Monday 25 November 2013

As some bulls turn to bears, others see more gains for stocks

While a number of bears have capitulated and now see stocks rising further, some bulls have flipped to the bear side. From Bloomberg today:

... BlackRock Inc.’s Laurence Fink and Doug Kass at Seabreeze Partners Management Inc. said this month that stocks were headed for losses after an almost uninterrupted rally that lifted the S&P 500 in one of its broadest advances on record...

“Traders and investors, strategists and pundits are now almost historically complacent,” Kass...said in a Nov. 12 Bloomberg Radio interview with Tom Keene and Michael McKee. “They’re glib.”

Kass has grown more bearish on the S&P 500 since he said a year ago that fears were overblown and called for the S&P 500 to rise to a record. “I have more than one foot out the door and I’m looking for short opportunities,” he said this month.

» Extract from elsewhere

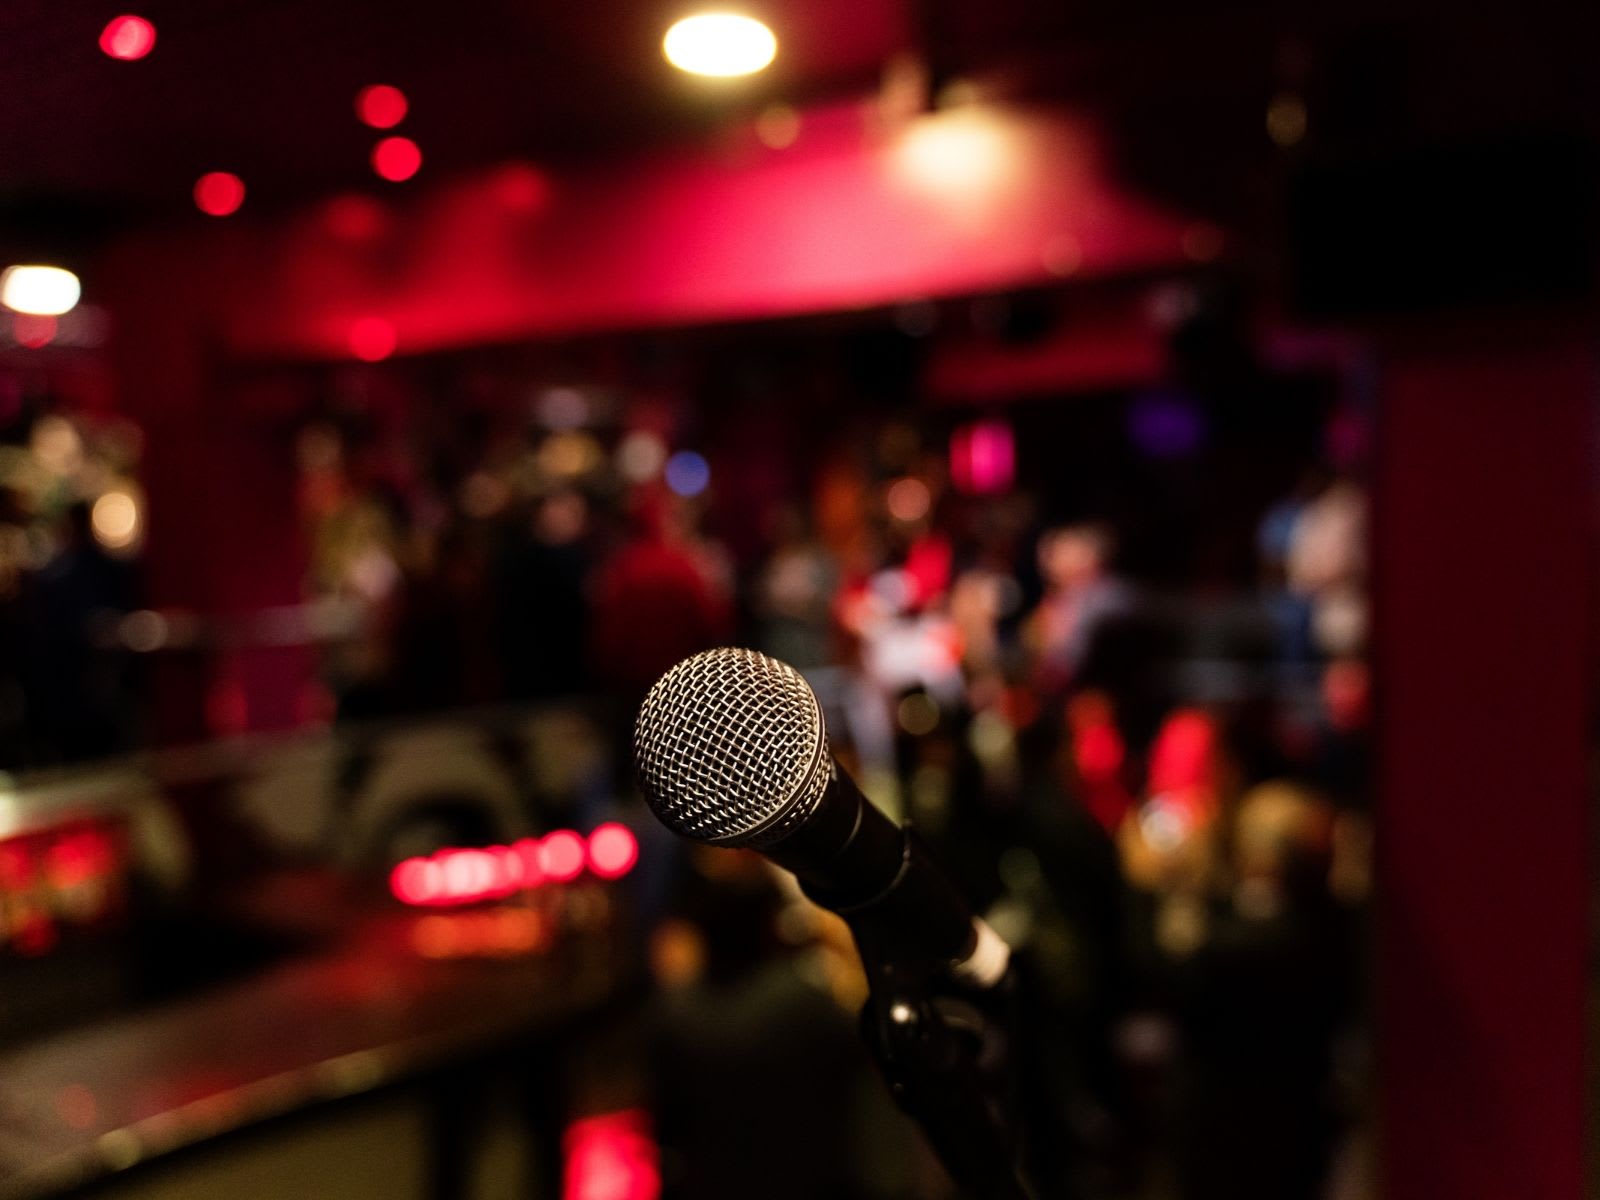 Microphone on a stand-up comedy stage

Stocks may decline as much as 15 percent because of political risks in China, Japan, France and the U.S., according to Fink, whose New York-based BlackRock is the world’s largest money manager with $4.1 trillion in assets. Last year Fink said he would invest all of his personal wealth in equities.

However, many other investment managers remain positive on stocks.

Craig Hodges, who runs one of the best-performing U.S. mutual funds, is preparing for the next leg of America’s almost five-year-old bull market...

“We’ve got another two or three years of a good stock market,” said Hodges, whose Dallas-based Hodges Fund is beating 99 percent of its peers with an increase of 55 percent...

To James Paulsen at Wells Capital Management Inc., the prospect of a tumble remains a longshot.

“Confidence is still barely average by historic standards,” the Minneapolis-based chief investment strategist at Wells Capital, which oversees about $340 billion, said in a phone interview...

“It’s still a buy-on-the-dips equity market,” Terry Sandven, chief equity strategist at U.S. Bank Wealth Management, said in a phone interview from Minneapolis...

“Retail investors are shifting into equities,” Lawrence Creatura, a Rochester, New York-based fund manager at Federated Investors Inc., which oversees $367 billion, said by phone. “It certainly bolsters the chance for stocks to continue to rise. It is a source of demand for shares”...

“There’s clearly a lot of suspicion and doubt in this bull market, and that in and of itself gives it further fuel,” Rich Weiss, the Mountain View, California-based senior portfolio manager for American Century Investment who helps oversee $130 billion, said by phone Nov. 21. “Not everybody is in. The level of exuberance can clearly grow.”